Full Report
With just $800 in basic equipment, researchers found a stunning variety of data—including thousands of T-Mobile users’ calls and texts and even US military communications—sent by satellites unencrypted.
Analysis Summary
# Incident Report: Widespread Satellite Data Eavesdropping Due to Lack of Encryption
## Executive Summary
Researchers demonstrated that approximately half of geostationary satellite signals, carrying sensitive consumer, corporate, and military data, were being broadcast unencrypted and could be intercepted using basic, inexpensive equipment. This vulnerability led to the successful procurement of sensitive private communications, including T-Mobile user texts/calls and US military communications. The primary finding is a systemic failure in implementing encryption for satellite transmission paths.
## Incident Details
- Discovery Date: October 13, 2025 (Date of study publication/disclosure)
- Incident Date: Ongoing, as the vulnerability has existed for the duration of the study (three years leading up to publishing).
- Affected Organization: Various, including T-Mobile users, US military communications, and corporate entities relying on vulnerable satellite providers.

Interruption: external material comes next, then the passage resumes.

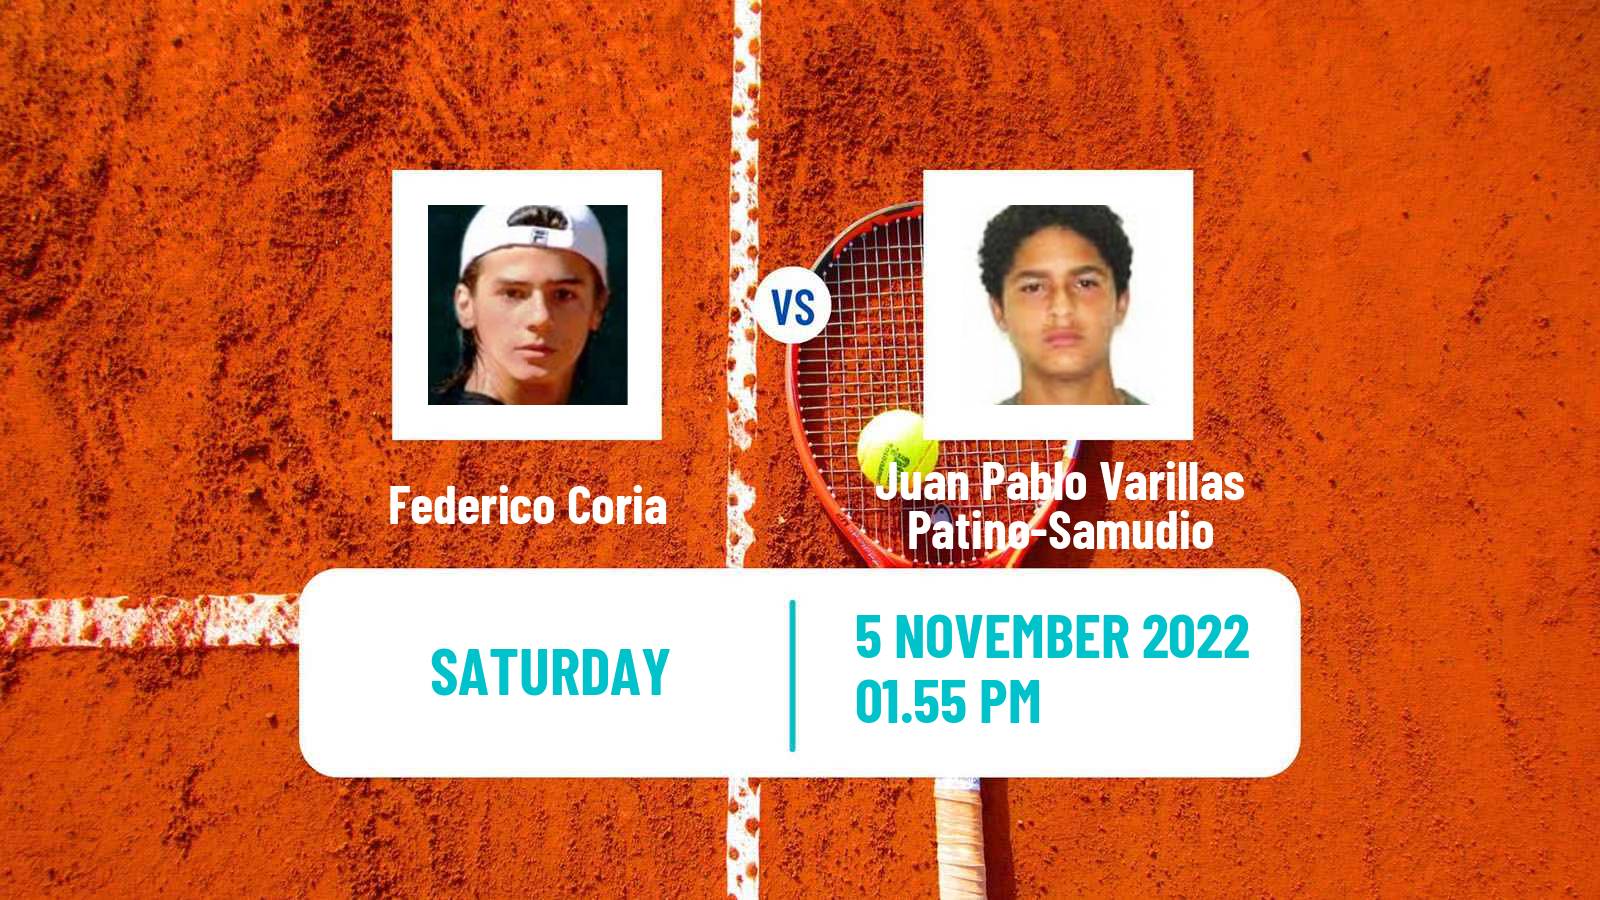 Tennis ATP Challenger Federico Coria - Juan Pablo Varillas Patino-Samudio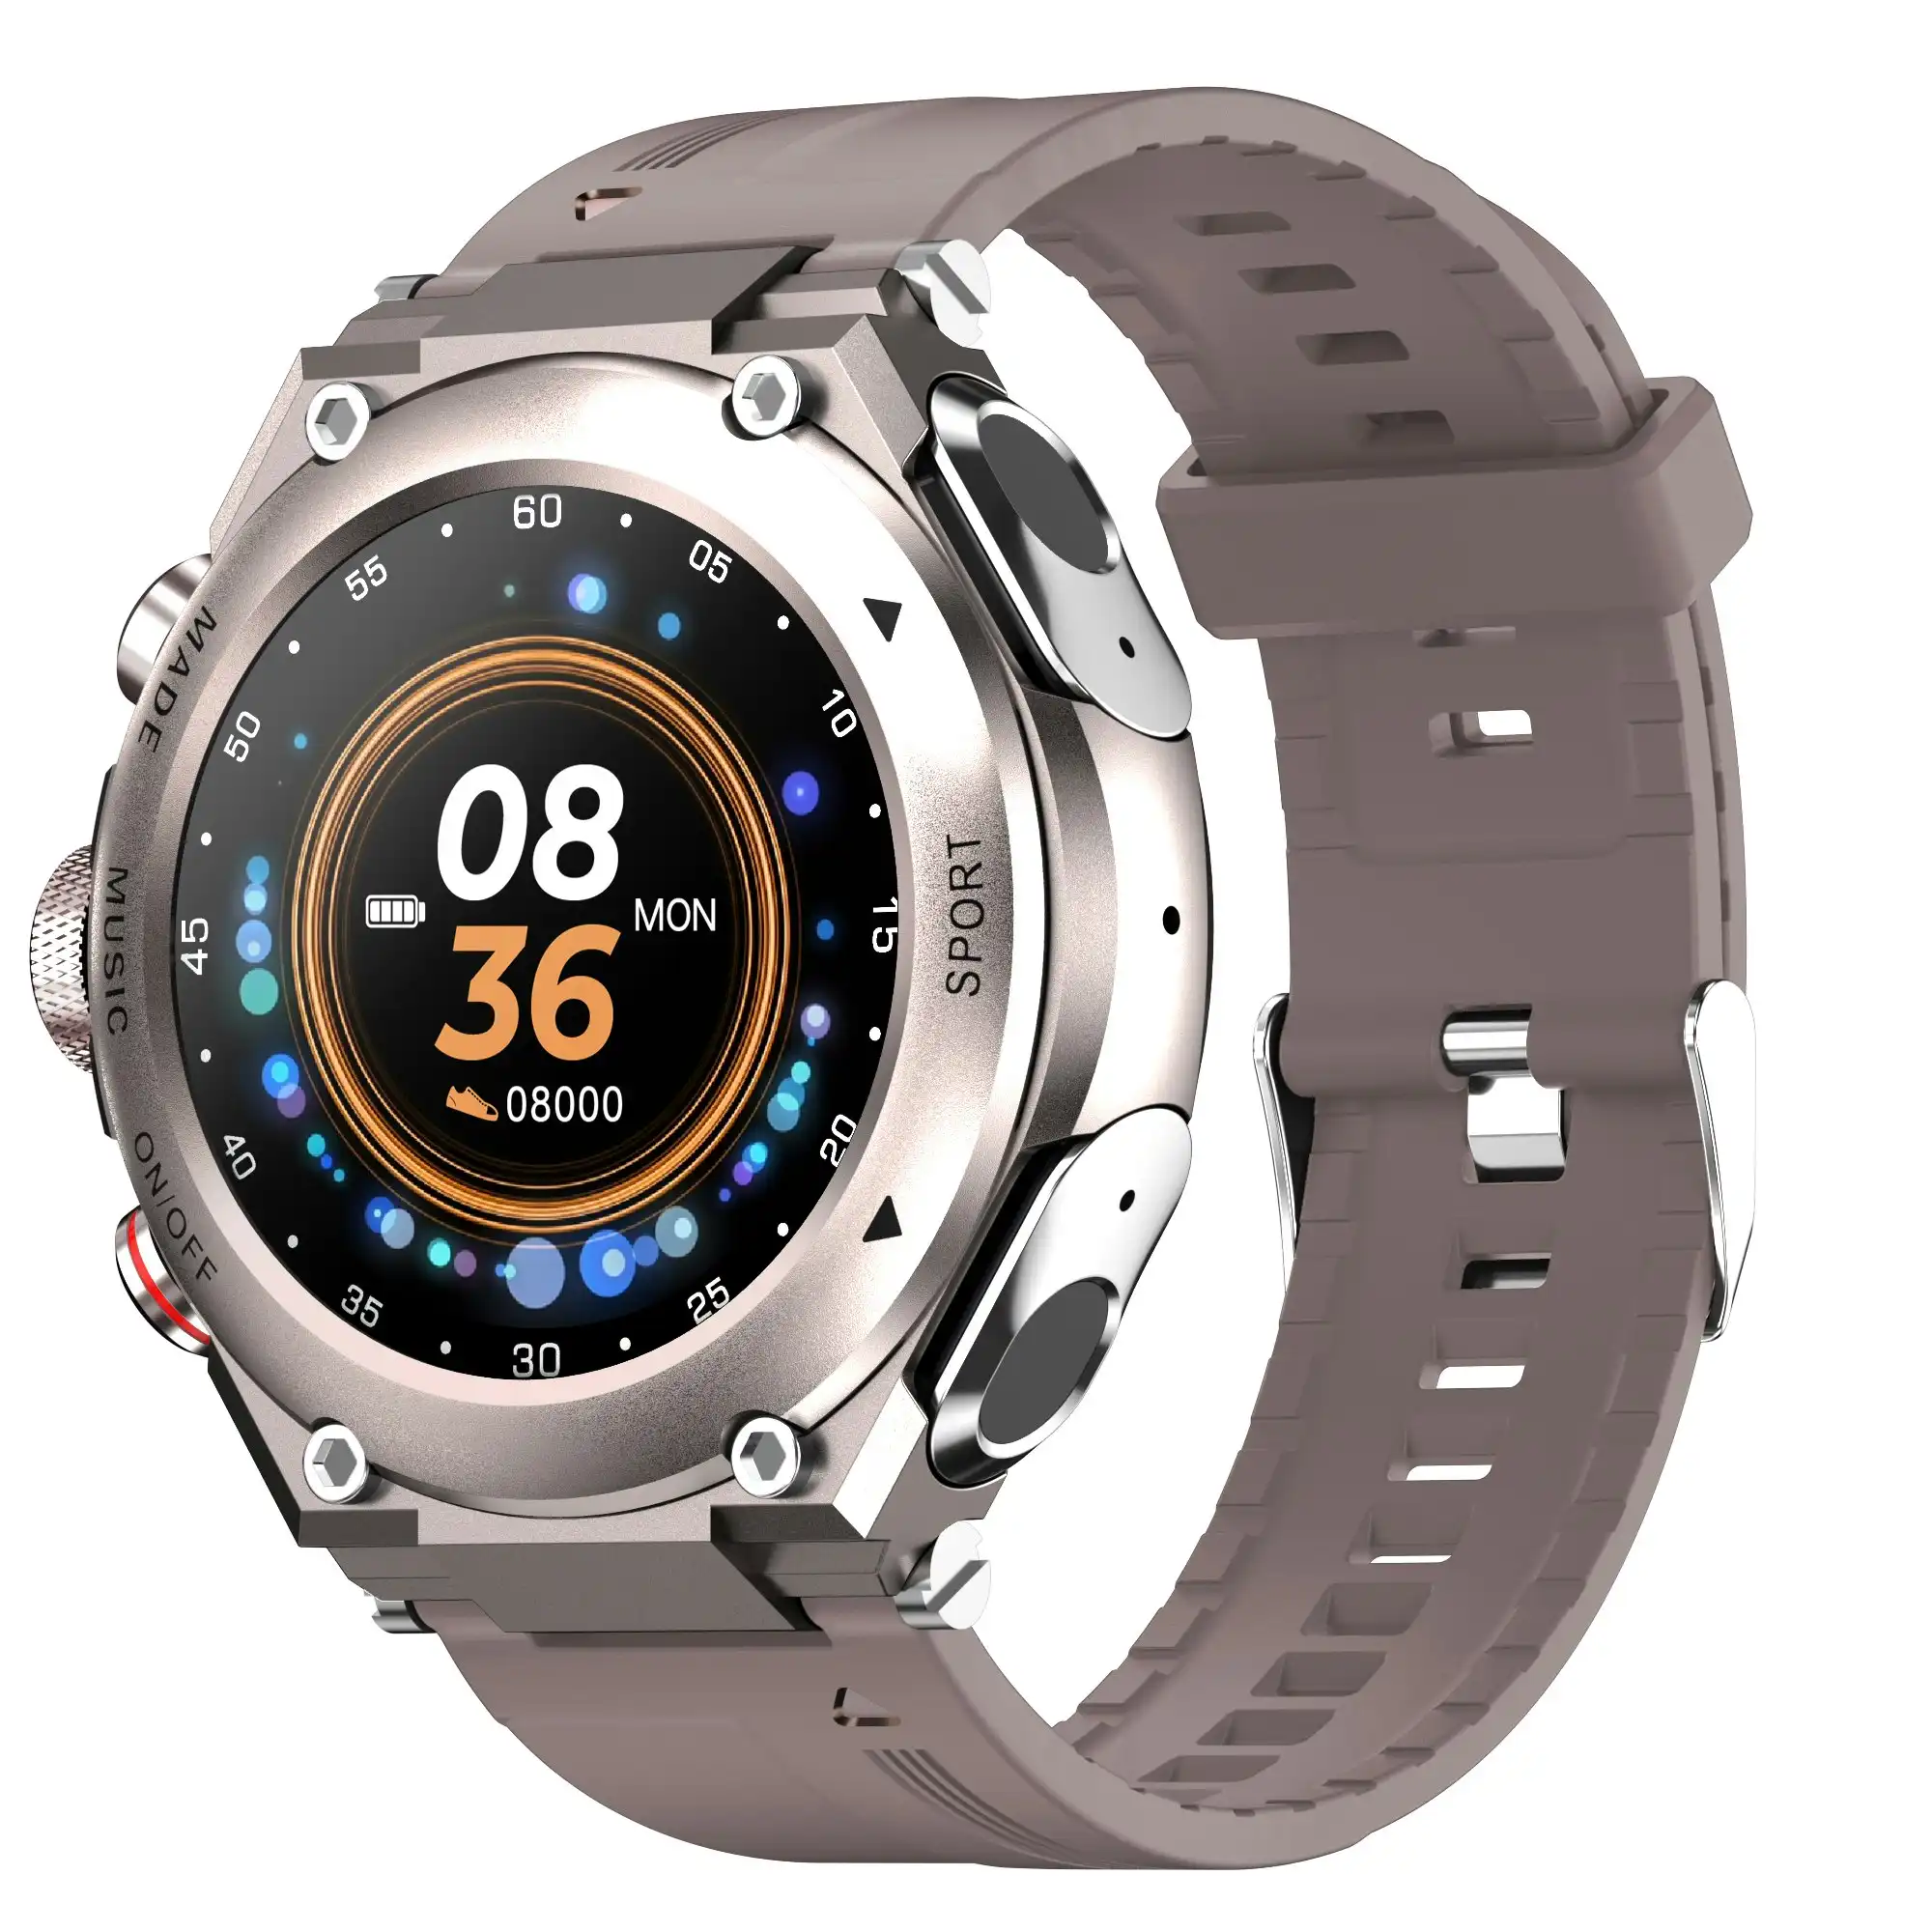 2 in 1 Bluetooth Smart Watch TWS Wireless Earphones 1.28" 9D Touch Screen BT 5.0 - Gun Brown

- Sector: Telecommunications, Military/Government, Satellite Communications.
- Geography: Global satellite communications observed from San Diego, Southern California.
## Timeline of Events
### Initial Access
- Date/Time: Over a three-year period leading up to October 2025.
- Vector: Passive eavesdropping on unencrypted satellite signals.
- Details: Researchers set up an $800 off-the-shelf satellite receiver system in La Jolla, San Diego, pointing dishes at geosynchronous satellites visible from their location.
### Lateral Movement
- Not applicable in the traditional sense; the attack was focused on signal interception/collection rather than internal network compromise.
### Data Exfiltration/Impact
- Data intercepted included samples of T-Mobile users' calls and text messages, as well as US military communications.
### Detection & Response
- Detection: Researchers at UC San Diego and the University of Maryland actively investigated and interpreted these unprotected signals over three years. The finding was publicly disclosed via a study published on October 13, 2025.
- Response actions taken: Not detailed in the provided text, beyond the proactive disclosure by the researchers to industry and government bodies.
## Attack Methodology
- Initial Access: Passive radio reception using specialized, yet affordable, hardware pointed at unencrypted geostationary satellite downlinks.
- Persistence: Not applicable (passive collection).
- Privilege Escalation: Not applicable.
- Defense Evasion: The signals inherently lacked encryption, making evasion unnecessary. The obscurity of the signals required specialized knowledge to interpret, which served as the only barrier.
- Credential Access: Not specified if direct credentials were stolen, but call/text content implies access to sensitive communications.
- Discovery: Researchers actively scanned and interpreted signals from known satellite orbital paths.
- Lateral Movement: Not applicable.
- Collection: Raw radio signals were captured and then decoded into usable voice/text data.
- Exfiltration: Data (calls, texts, military data) was collected locally by the researchers.
- Impact: Exposure of private and secret communications.
## Impact Assessment
- Financial: Not explicitly detailed, but potential costs to satellite operators and affected corporations/government entities are significant.
- Data Breach: Millions of communications, including T-Mobile customer calls/texts and sensitive US military data.
- Operational: Potential disruption and loss of trust in satellite communication infrastructure.
- Reputational: Significant damage to the reputation of satellite service providers who failed to enforce encryption.
## Indicators of Compromise
- Network indicators: (Defanged examples based on context) Satellite frequencies associated with commercial or military GEO satellites broadcasting without standard modern encryption protocols.
- File indicators: Raw, unencrypted digital stream captures of radio frequency data.
- Behavioral indicators: Passive reception and decoding of signals in the C-band or Ku-band frequencies characteristic of satellite downlinks not using digital encryption protocols.
## Response Actions
- Containment measures: N/A (This was a research disclosure, not an active intrusion response).
- Eradication steps: N/A.
- Recovery actions: Requires providers to implement mandatory encryption across all satellite links.
## Lessons Learned
- Key takeaways: A significant portion of satellite communications relies on outdated or non-existent encryption, leaving vast amounts of sensitive data vulnerable to interception by anyone with basic, accessible equipment.
- What could have been done better: Satellite operators and carriers failed to deploy end-to-end encryption for signals being downlinked to Earth.
## Recommendations
- Implement mandatory, robust encryption standards (e.g., AES-256) for all geostationary satellite transmissions carrying consumer, corporate, or government data.
- Conduct immediate audits of existing satellite infrastructure to identify and remediate any unencrypted downlinks.
- Require carriers like T-Mobile to ensure all traffic utilizing satellite backhaul is fully encrypted prior to transmission.